First, let's convert the pressure of the N2 in the second cylinder to atm:
266.0 torr = 266.0/760 atm ≈ 0.350 atm
Next, let's calculate the number of moles of CH2O in the first cylinder:
Since the volume is given as 71.0 L and the pressure is given as 0.550 atm, we can rewrite the ideal gas law equation as n = PV/RT.
nCH2O = (0.550 atm)(71.0 L) / (0.0821 L·atm/(mol·K))(298 K)
≈ 16.50 mol
Now, let's determine the number of moles of N2 initially present in the second cylinder using the ideal gas law:
Since the volume is given as 1.50 L and the pressure is given as 0.350 atm, we can rewrite the ideal gas law equation as n = PV/RT.
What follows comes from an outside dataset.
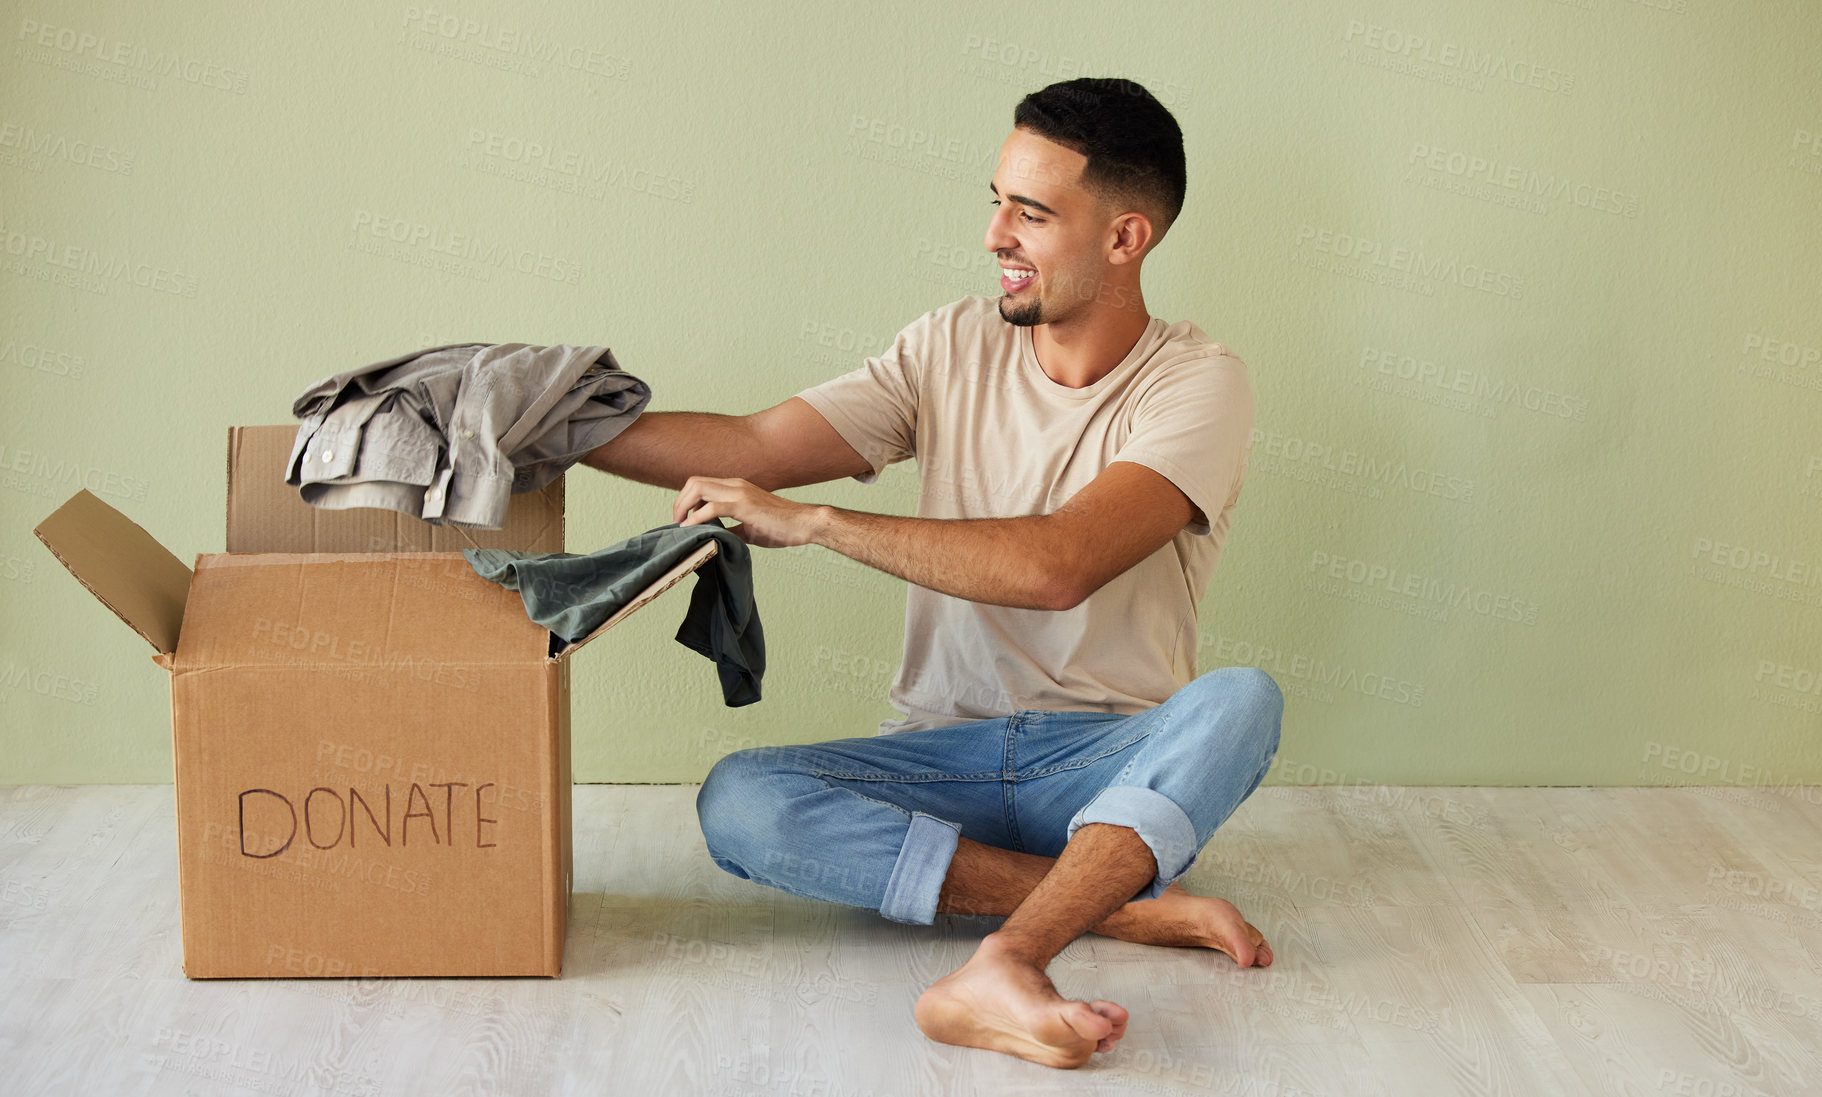 Buy stock photo Shot of a young man putting clothes into a donation box at home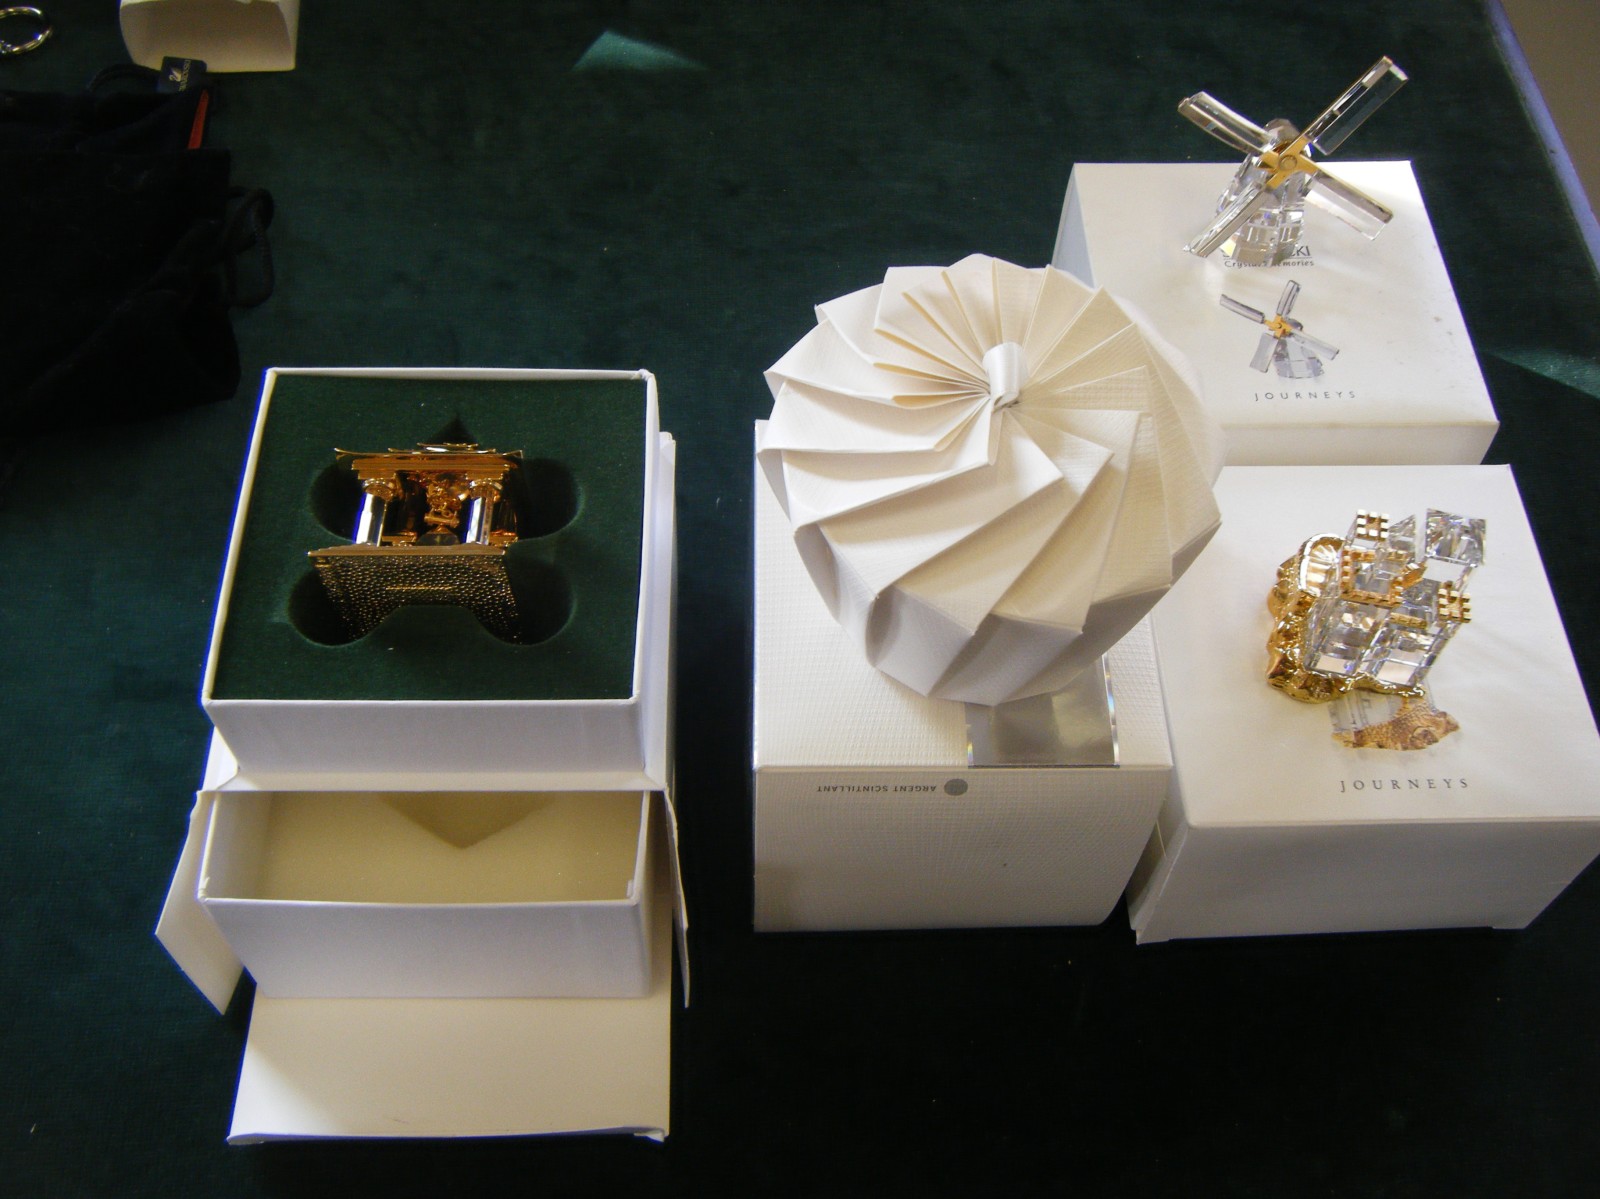 Swarovski crystals, Memories, 4 x boxed items, each with certificate of authenticity, Windmill,

nN2 = (0.350 atm)(1.50 L) / (0.0821 L·atm/(mol·K))(298 K)
≈ 0.0254 mol
When the valve is opened, the N2 from the second cylinder will mix with the CH2O in the first cylinder, resulting in a total volume of 72.50 L (71.0 L + 1.50 L).
To calculate the partial pressure of N2 after the valve is opened, we use the equation:
P₂ = (n₂ × R × T) / V₂,
where P₂ is the partial pressure of N2, n₂ is the number of moles of N2, R is the ideal gas constant, T is the temperature, and V₂ is the total volume.
P₂ = (0.0254 mol × 0.0821 L·atm/(mol·K) × 298 K) / 72.50 L
≈ 0.0111 atm
Therefore, the partial pressure of N2 when the valve is opened is approximately 0.0111 atm.